Tale religione fu fondata in India (Nepal) da Siddhartha Gautama, detto Buddha, nel sec. VI a.C. Essa si stacca dalla precedente concezione politeistica (risalente ai Veda) per rispondere alle esigenze di una «salvezza umana» (senza mediazione divina). Tale «salvezza» è essenzialmente un riscatto dalla condizione umana, sentita come penosa e insostenibile. Il buddismo conseguì un immediato successo, perché i problemi in esso proposti erano già presenti nella tradizione religiosa indiana, lasciando adito a soluzioni ambigue e contraddittorie rispetto all'ortodossia vedica.

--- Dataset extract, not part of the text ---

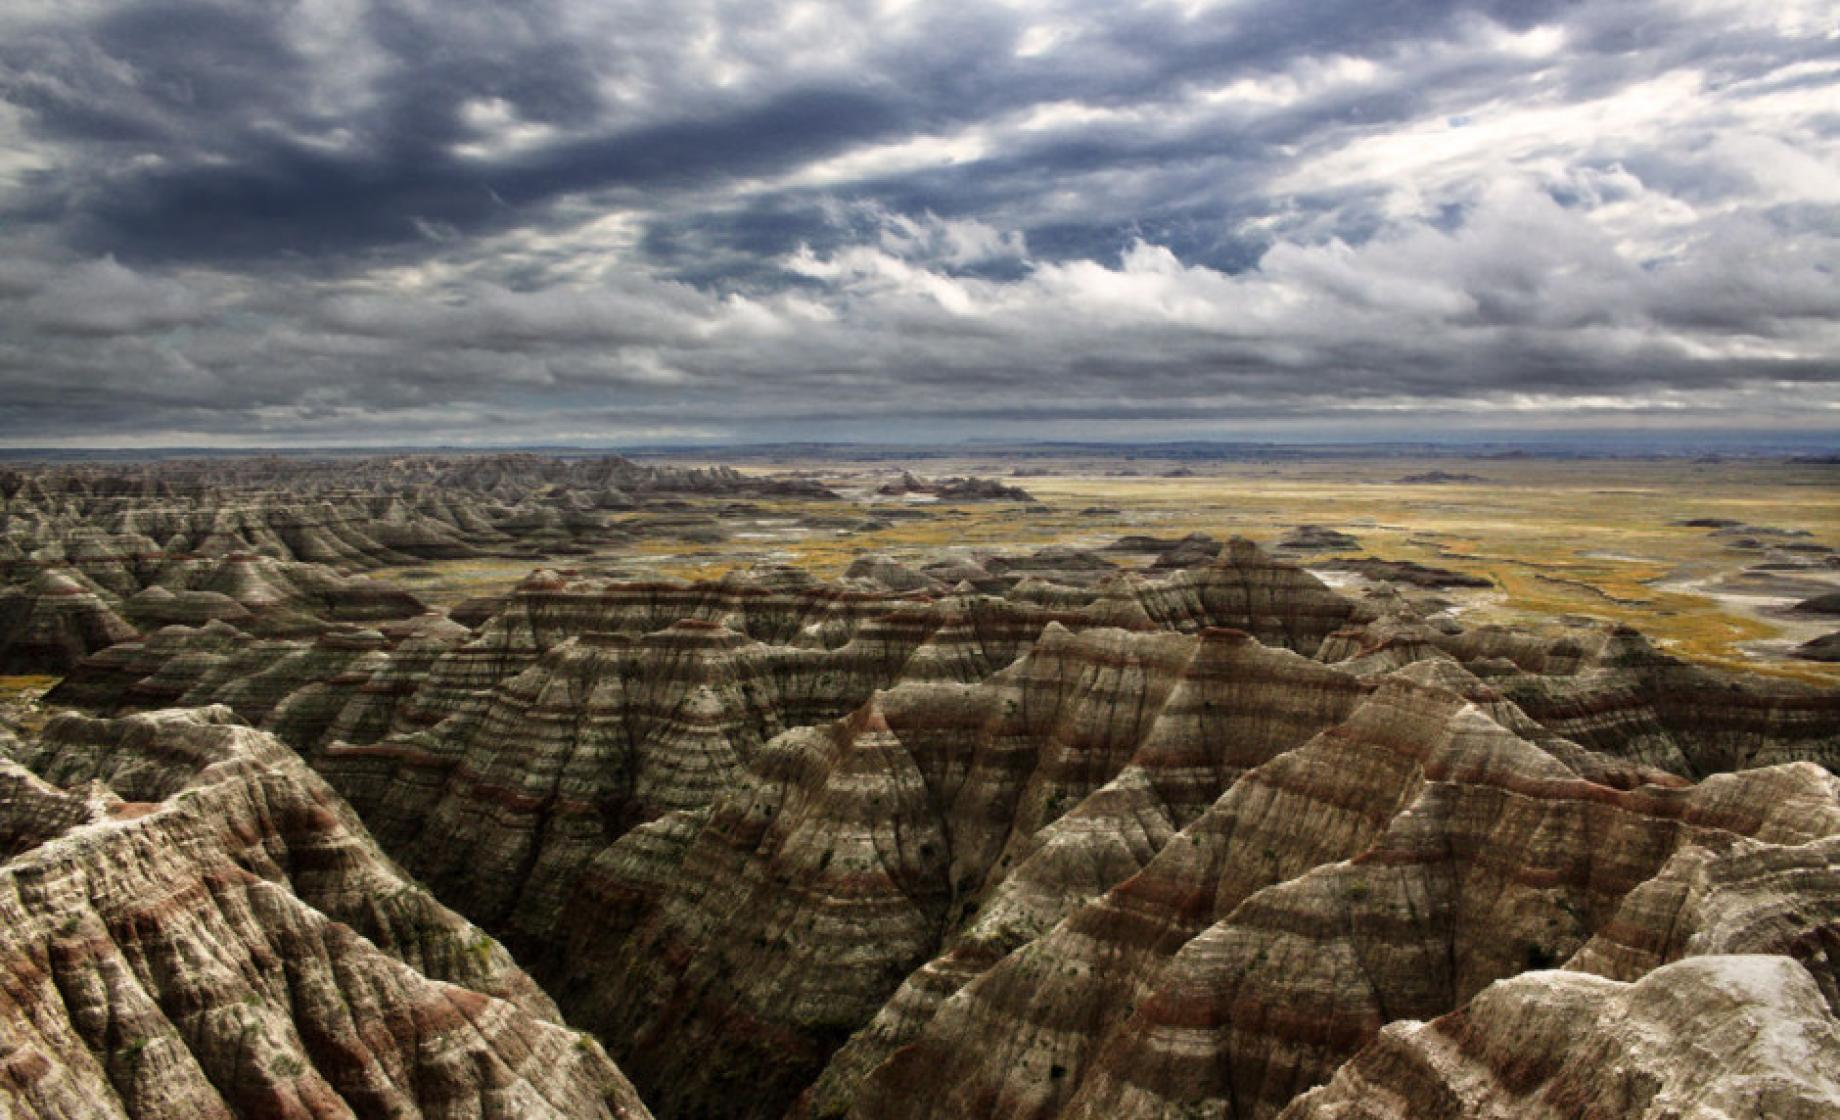 14 facts about South Dakota's Black Hills & Badlands that

Il rapporto tra uomini e dei, nell'originaria concezione politeistica costituiva un limite alla condizione umana e, al tempo stesso, una salvezza, mediante l'aiuto divino ottenuto dall'azione cultuale. Tale rapporto si andò col tempo modificando, nel senso che l'azione cultuale da semplice strumento di mediazione divenne l'interesse precipuo della religione indiana, perché i sacerdoti, da mediatori tra uomini e dei, esaltarono l'atto di mediazione, il rito, come atto assoluto, generatore di quella forza (brahman) di cui gli stessi dei avevano bisogno per esistere. In questa si videro molti eremiti, asceti, santoni cercare, al di fuori di ogni sistema organizzato dalla casta sacerdotale, la propria via alla salvezza, attirando talora dei discepoli, che da soli si sentivano impari al ponderoso compito. Uno di questi gruppi, operante nell'India settentrionale, ebbe una fortuna particolare dando vita al buddismo, religione che, assieme al cristianesimo e all'islamismo, costituisce ancor oggi la triade delle religioni universalistiche.

-LE QUATTRO "VERITÀ"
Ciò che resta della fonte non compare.